*THE INPUT:*
★ ★ ★ ★

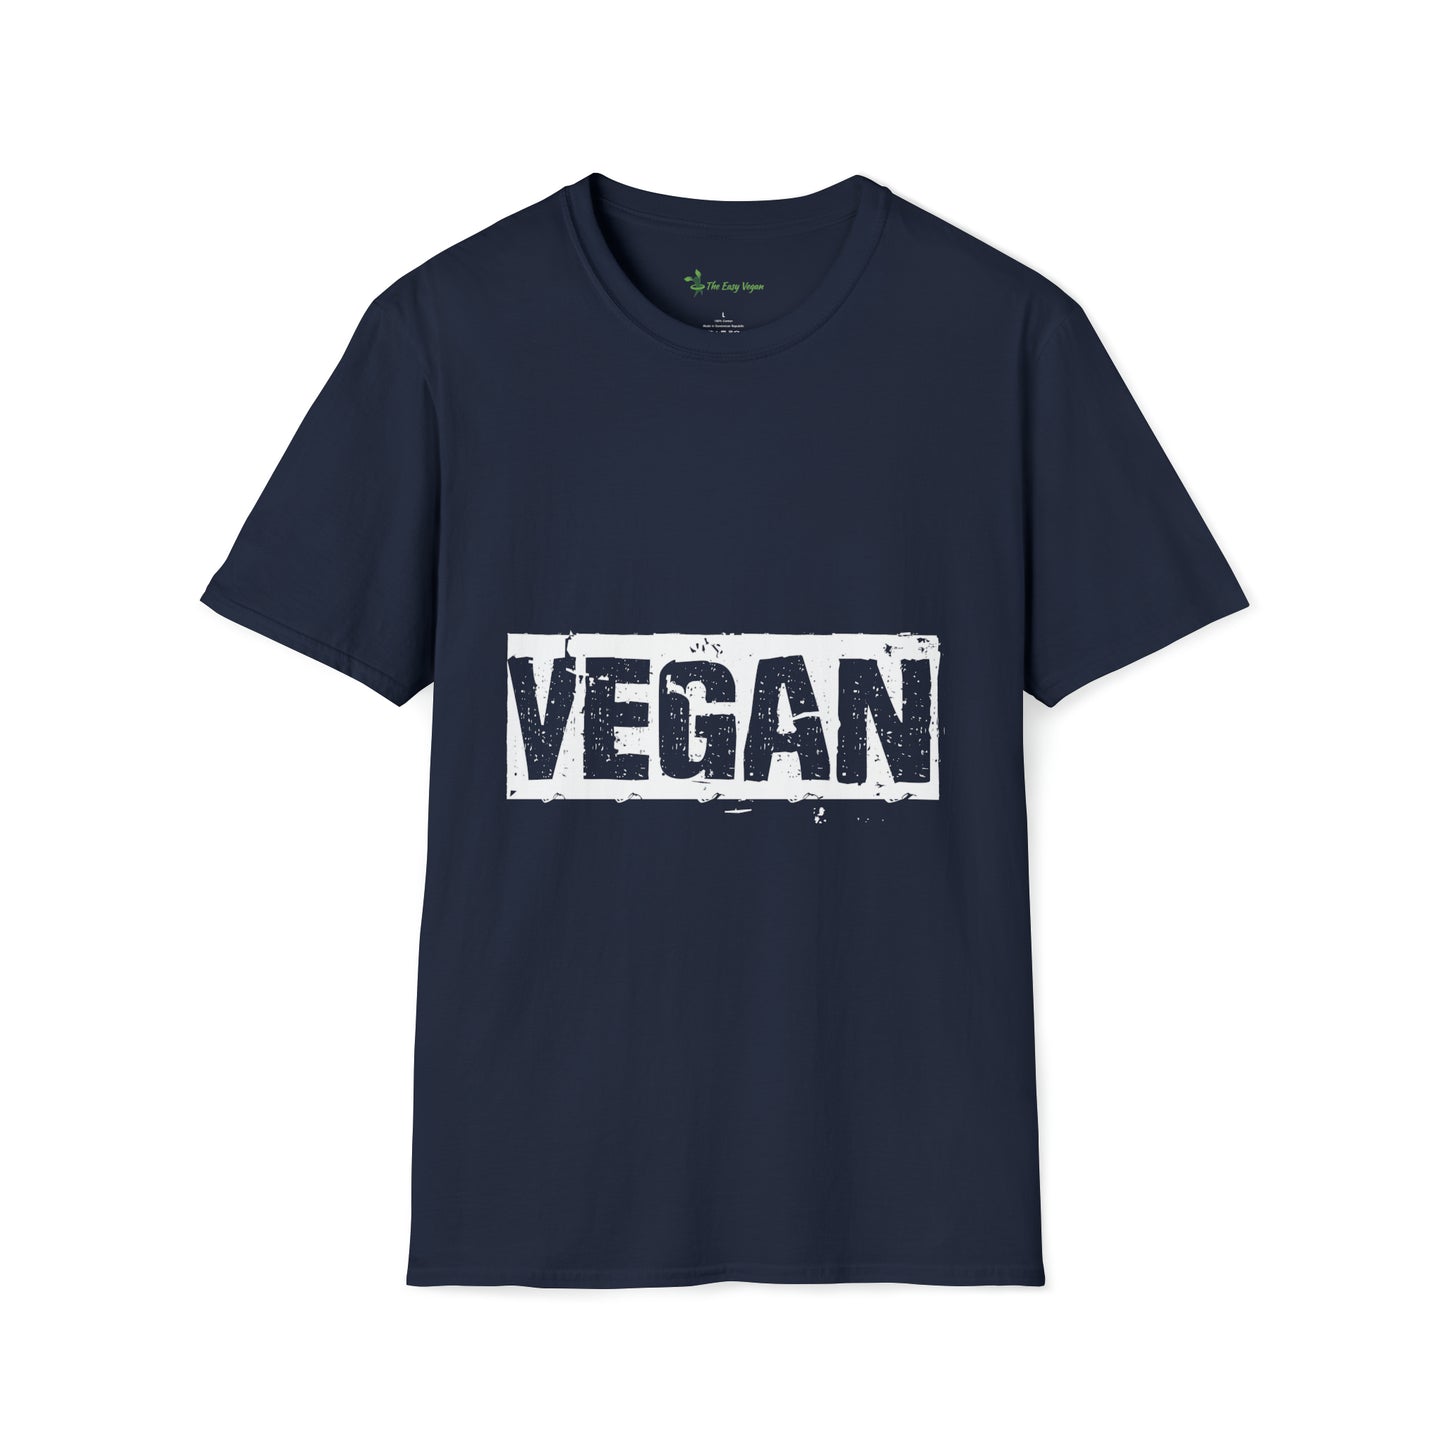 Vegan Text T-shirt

★ ★ ★ ★

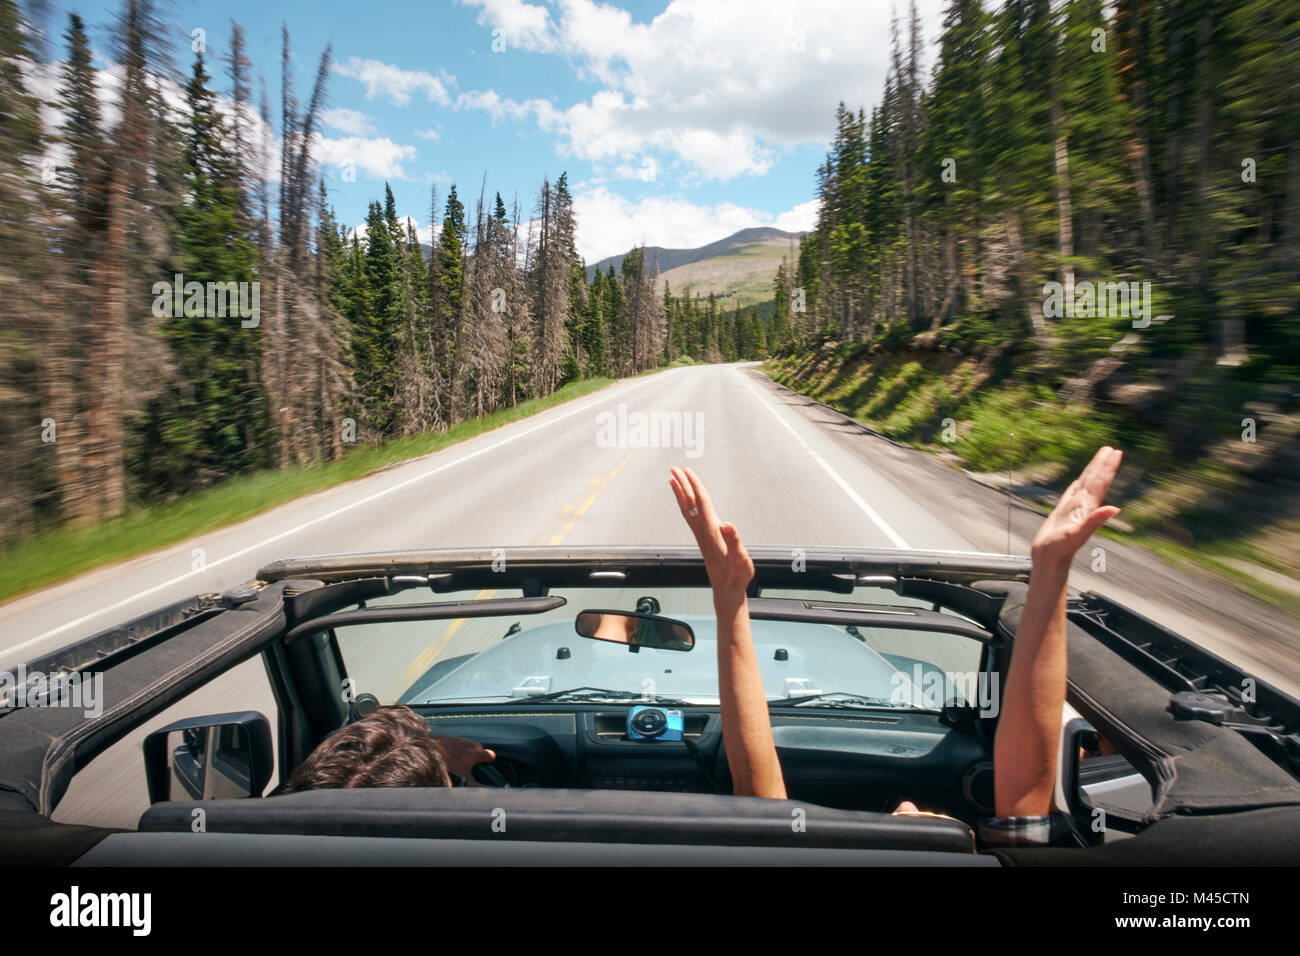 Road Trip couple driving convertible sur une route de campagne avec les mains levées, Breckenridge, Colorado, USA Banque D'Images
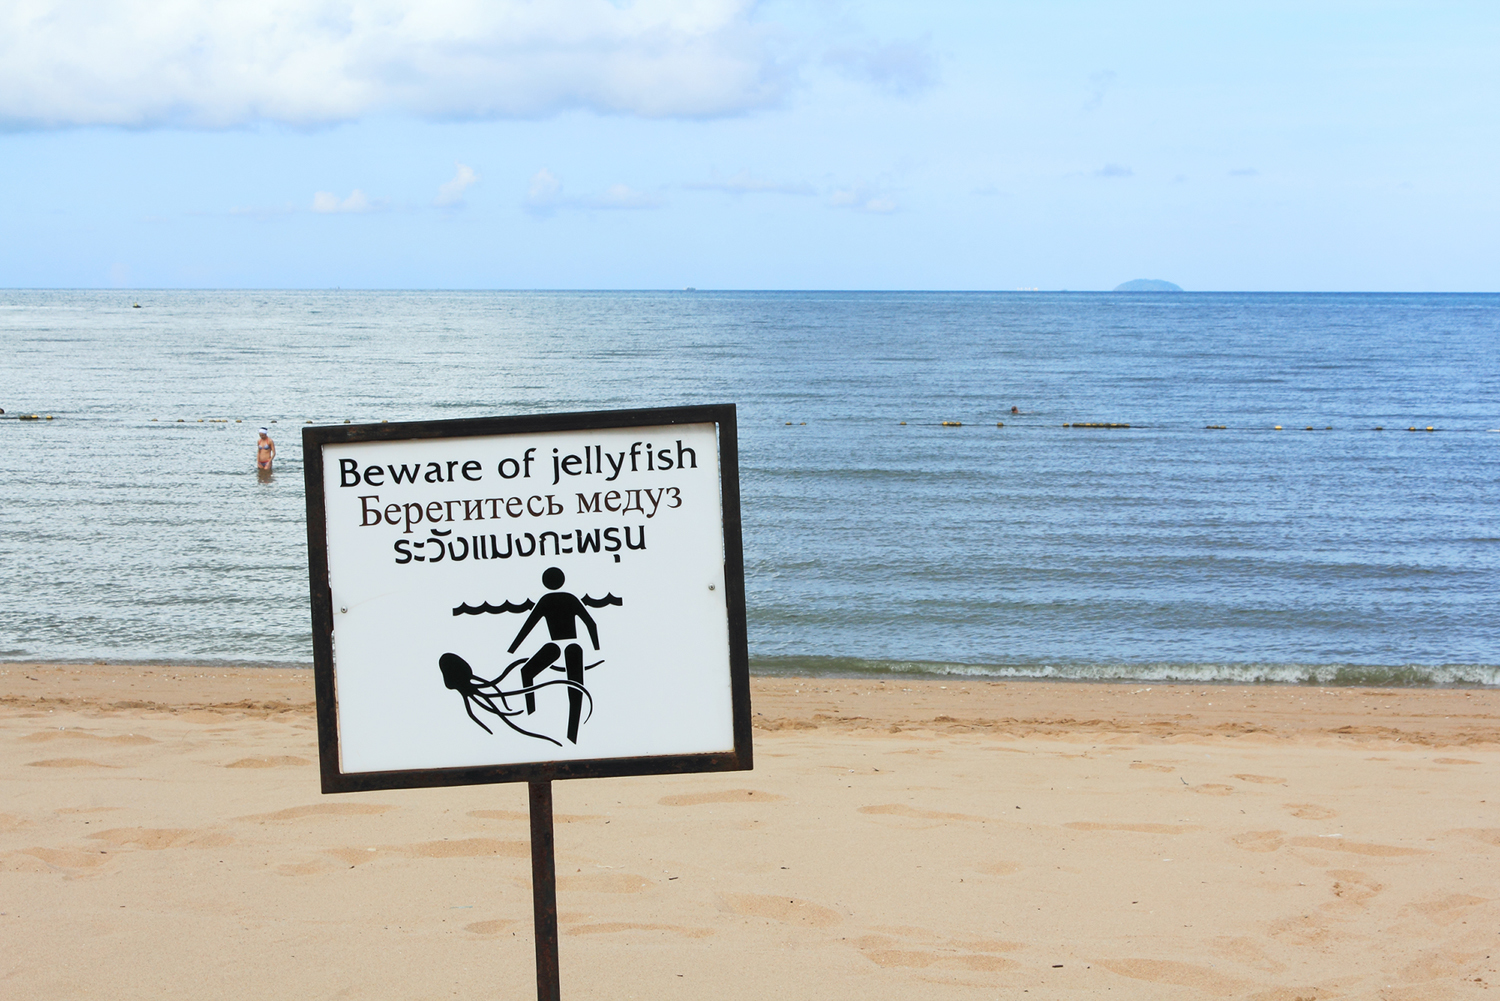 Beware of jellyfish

★ ★ ★ ★

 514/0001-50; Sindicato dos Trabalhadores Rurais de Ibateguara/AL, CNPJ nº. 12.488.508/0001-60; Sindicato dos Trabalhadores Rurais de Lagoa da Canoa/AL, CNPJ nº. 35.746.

★ ★ ★ ★

*EXERCISE DETAILS:* Range to print from the listing above: from the line with "Road Trip couple" up to and including the line with "Beware of jellyfish". Please print those lines exactly, with no pictures and nothing more.

*FINAL ANSWER:*
 Road Trip couple driving convertible sur une route de campagne avec les mains levées, Breckenridge, Colorado, USA Banque D'Images
 Beware of jellyfish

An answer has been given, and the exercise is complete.